Il Tar dice no al risarcimento danni per i titolari di un chiosco a Punta Grande, spiaggia del comune di Realmonte. I giudici amministrativi hanno ritenuto che il protrarsi dell'istruttoria, per la concessione demaniale da parte dell’amministrazione comunale di Realmonte e della Regione, non giustifichi l'asserita riduzione degli utili della società.
L'azienda, A. M. sas D. N. & C., con l’intento di realizzare un chiosco balneare a carattere stagionale, aveva presentato nel 2014 la richiesta per la concessione demaniale, ottenuta però soltanto diversi anni più tardi, nel 2019. Motivo per il quale la società aveva avviato un contenzioso davanti al Tar di Palermo, per ottenere un risarcimento danni pari a 640.000 euro, come utili non percepiti per il quadriennio 2016-2019. Il tribunale di giustizia amministrativa ha però rigettato il ricorso contro il Comune di Realmonte e contro l’assessorato regionale al Territorio, condannando invece la società ricorrente al pagamento delle spese processuali.

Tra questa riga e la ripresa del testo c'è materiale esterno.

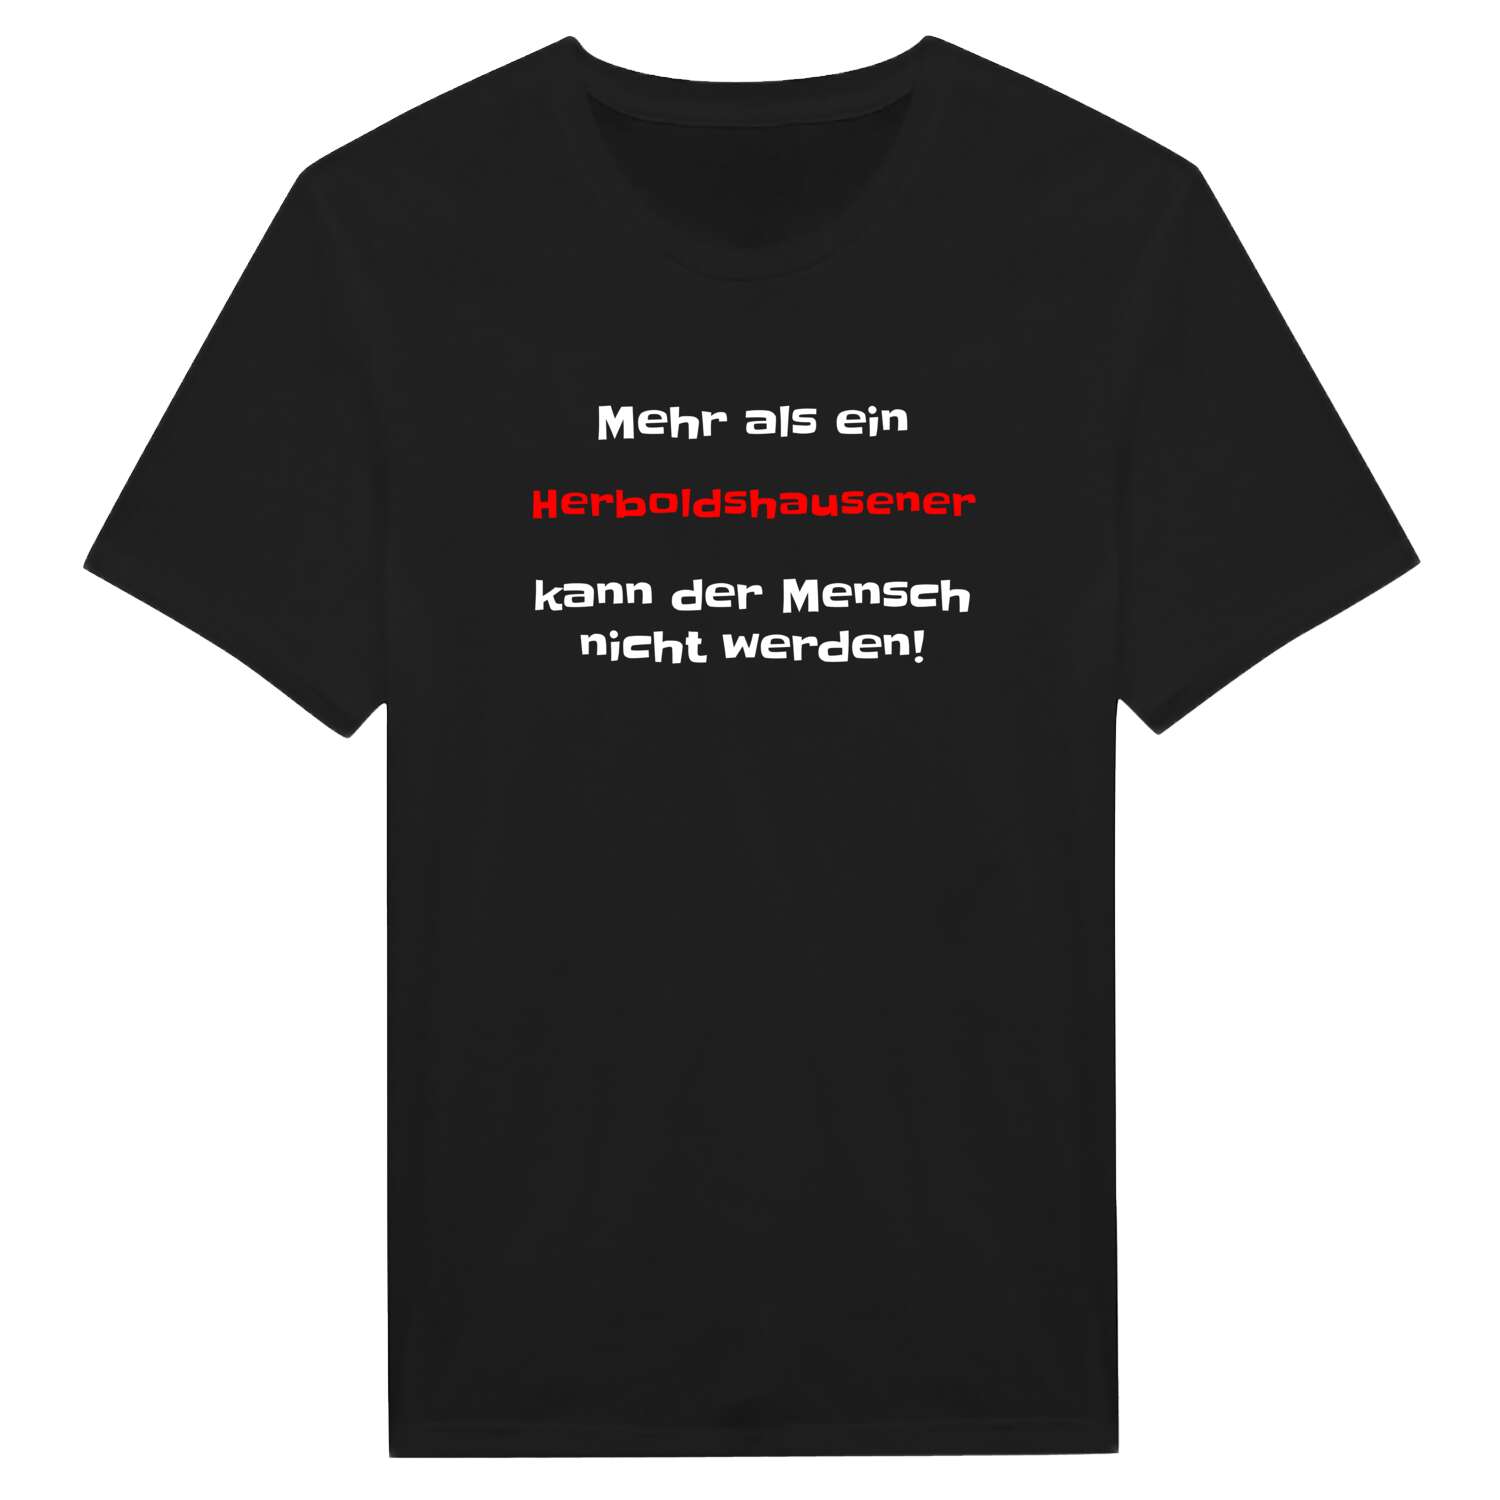 Herboldshausen T-Shirt »Mehr als ein«

"Nello specifico – scrive in una nota l'avvocato Girolamo Rubino, che ha seguito il contenzioso per conto dell’amministrazione comunale e della Regione insieme all'avvocatura di Stato -, la società ricorrente contestava all'assessorato regionale al Territorio e al Comune di Realmonte, rispettivamente, la tardiva definizione del procedimento di rilascio della concessione demaniale marittima e il comportamento inerte tenuto dal Comune di Realmonte per il rilascio della valutazione di incidenza ambientale, richiesta ai fini dell’ottenimento della concessione". La difesa ha sostenuto, quindi che il semplice decorso del tempo non potesse far presupporre un danno e che, in ogni caso, non fosse stato provato. L’avvocato Rubino e l’avvocatura dello Stato hanno rilevato in giudizio l’infondatezza del ricorso proposto dalla società ricorrente, “eccependo come il danno da ritardo risarcibile non poteva essere presunto dalla società ricorrente quale effetto automatico del semplice scorrere del tempo, in quanto, per la sua sussistenza dovevano ricorrere anche i presupposti oggettivi e soggettivi previsti dall’art. 2043 c.c.”.
La stessa società, secondo quanto sostenuto, era stata destinataria di un provvedimento di decadenza e, quindi, non avrebbe potuto comunque avviare l'attività.